Malwarebytes (on demand not AV) had always grabbed things.
But for false positives, they're not really false. The nature of the application if identified to be able to modify something else in a particular way should really be flagged, most the time they're harmless but I think I'd rather know that not know.
Once you think it's safe just mark it as such, you could rely on other peoples experience but I'd like to decide myself.
I've been away from that particular part of the job for a while but you can get scanners that work pre OS which are a lot more reliable but for singular files I used to use some software and I cannot for the life of me remember the name of it. I've got it on a stick somewhere, I'll have a look for it, but it's superb and hasn't let me down
Click to expand...
Click to collapse
I think that was the idea behind having access to the mock up exe VM environment. I guess the thinking behind giving us access to it is it allowed us to take it one step further. The antivirus gives you a result of what it could do....then we use that and this is what it will do....IT Security was my 3rd choice in life. I went for Meteorology...ended up working in the chemical industry and made my way from there....there was once a fork in the road once, where someone offered me an inroad to a life changing entry level IT Security job and I was in the midst of the interview process for DuPont. We had all the certificates worked out that id require to get in and everything. It was a tough choice.
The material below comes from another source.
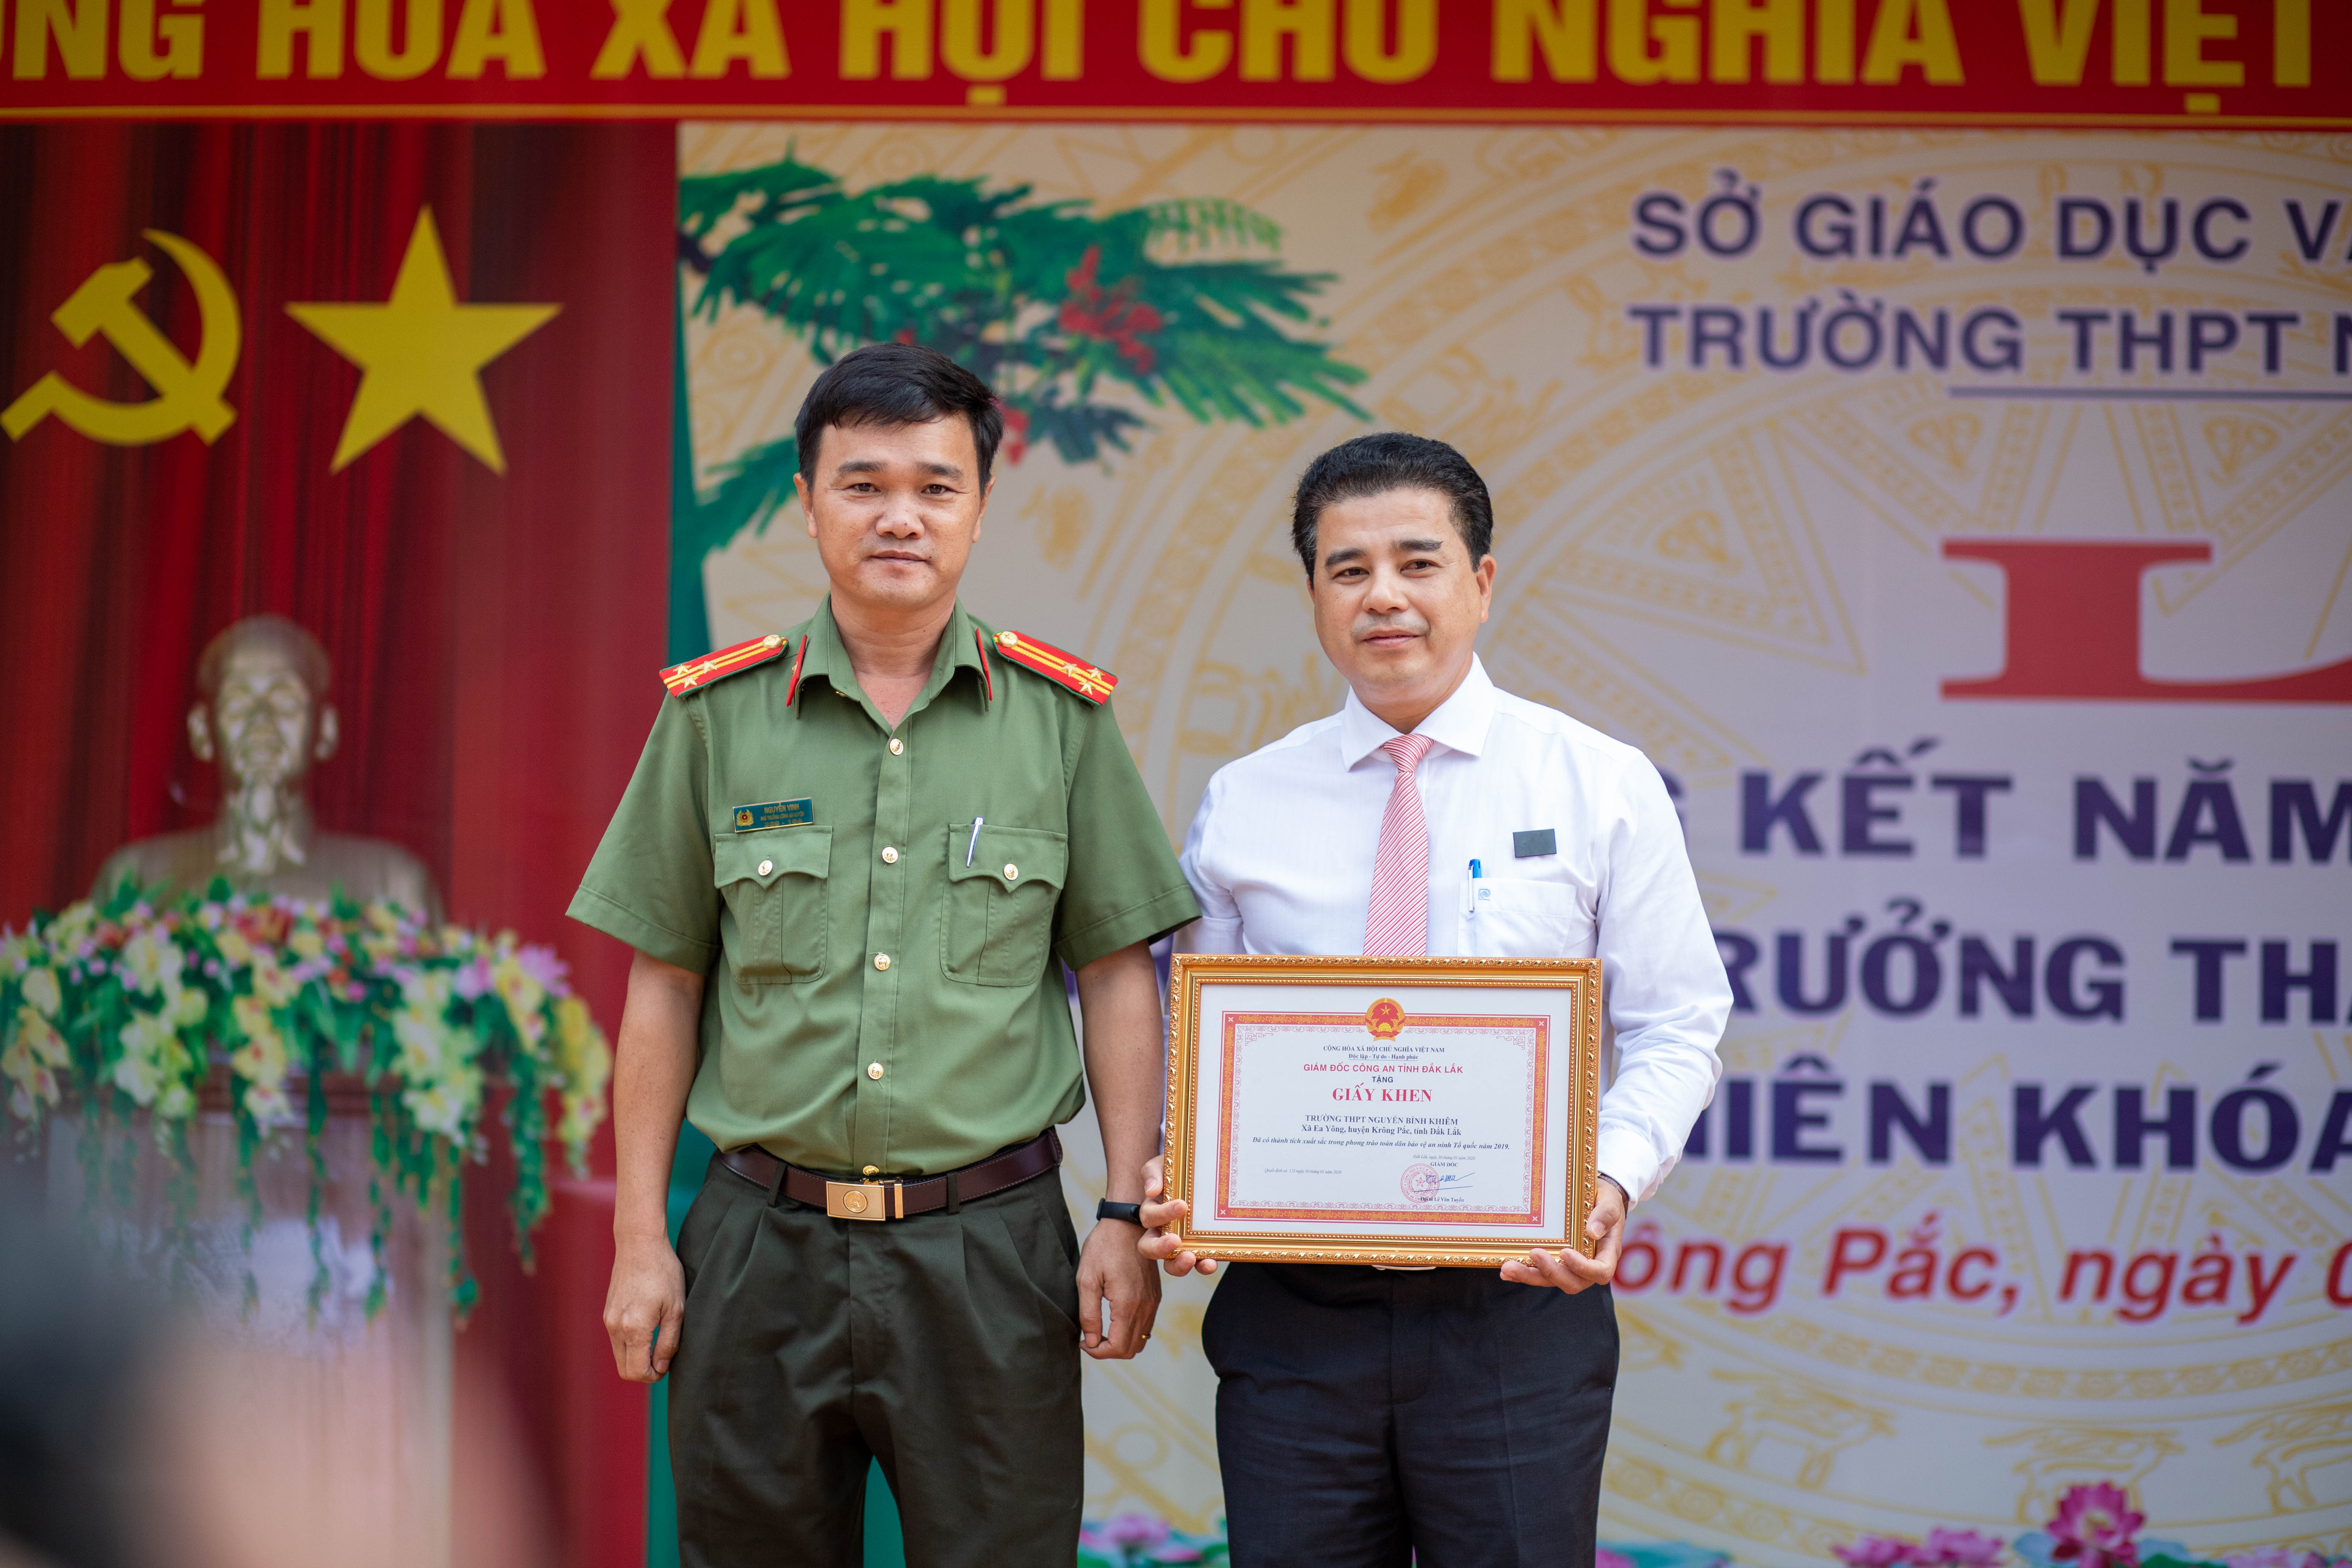 Đ/c Nguyễn Vinh - Phó trưởng Công an huyện Krông Pắc trao Giấy khen của Giám đốc Công an tỉnh Đắk Lắk cho Nhà trường

I made the right decision, I think.
Was that software you're talking about Farbar?

"I have a highly secure position at a chemical company"
I sincerely hope it's not in the IT department
All of these "positives" are generics, probably AI detecting the executable as malicious because by its nature it is designed to unpack intercepted firmware updates. This is exactly the kind of thing that sophisticated (eg supply chain attack/nation-state-backed) malware would do.
Plus the heuristics of the name "payload" and "dump[er]" very likely trigger more vigilant/deep inspection

brashmadcap said:
"I have a highly secure position at a chemical company"
I sincerely hope it's not in the IT department
All of these "positives" are generics, probably AI detecting the executable as malicious because by its nature it is designed to unpack intercepted firmware updates. This is exactly the kind of thing that sophisticated (eg supply chain attack/nation-state-backed) malware would do.
Plus the heuristics of the name "payload" and "dump[er]" very likely trigger more vigilant/deep inspection
Click to expand...
Click to collapse
My position is not in the IT department. Don't troll me for bringing up a valid security concern for the community as a whole. If you had read through the thread you'd see what was researched at and what @dladz and I discussed. I had a verified reason for raising suspicion. Condescension is the weakest form of expression on XDA. Please don't disrespect me or anyone else. It makes this place miserable. It's why I hate posting here. Ridiculous.

Hey I can certainly respect you raising your concerns, its made me double check my stuff. That being said have you raised your concern with XDA or any other developer site? If so what was the reply? I would appreciate if you would let me know and again thanks for bringing this matter up!

BobbyHoggatt said:
Hey I can certainly respect you raising your concerns, its made me double check my stuff. That being said have you raised your concern with XDA or any other developer site? If so what was the reply? I would appreciate if you would let me know and again thanks for bringing this matter up!
Click to expand...
Click to collapse
My computer is being looked at by IT. I'll be sure to update on any findings.

BobbyHoggatt said:
The only reason I like XDA is the open source policy. I'm pretty sure there's nothing malicious with the payload dumper if you downloaded it from this site.. anytime you have files that can manipulate operating systems would throw up red flags with your antivirus.. So I say relax my Friend!
Click to expand...
Click to collapse
most of the time it is returning a false positive.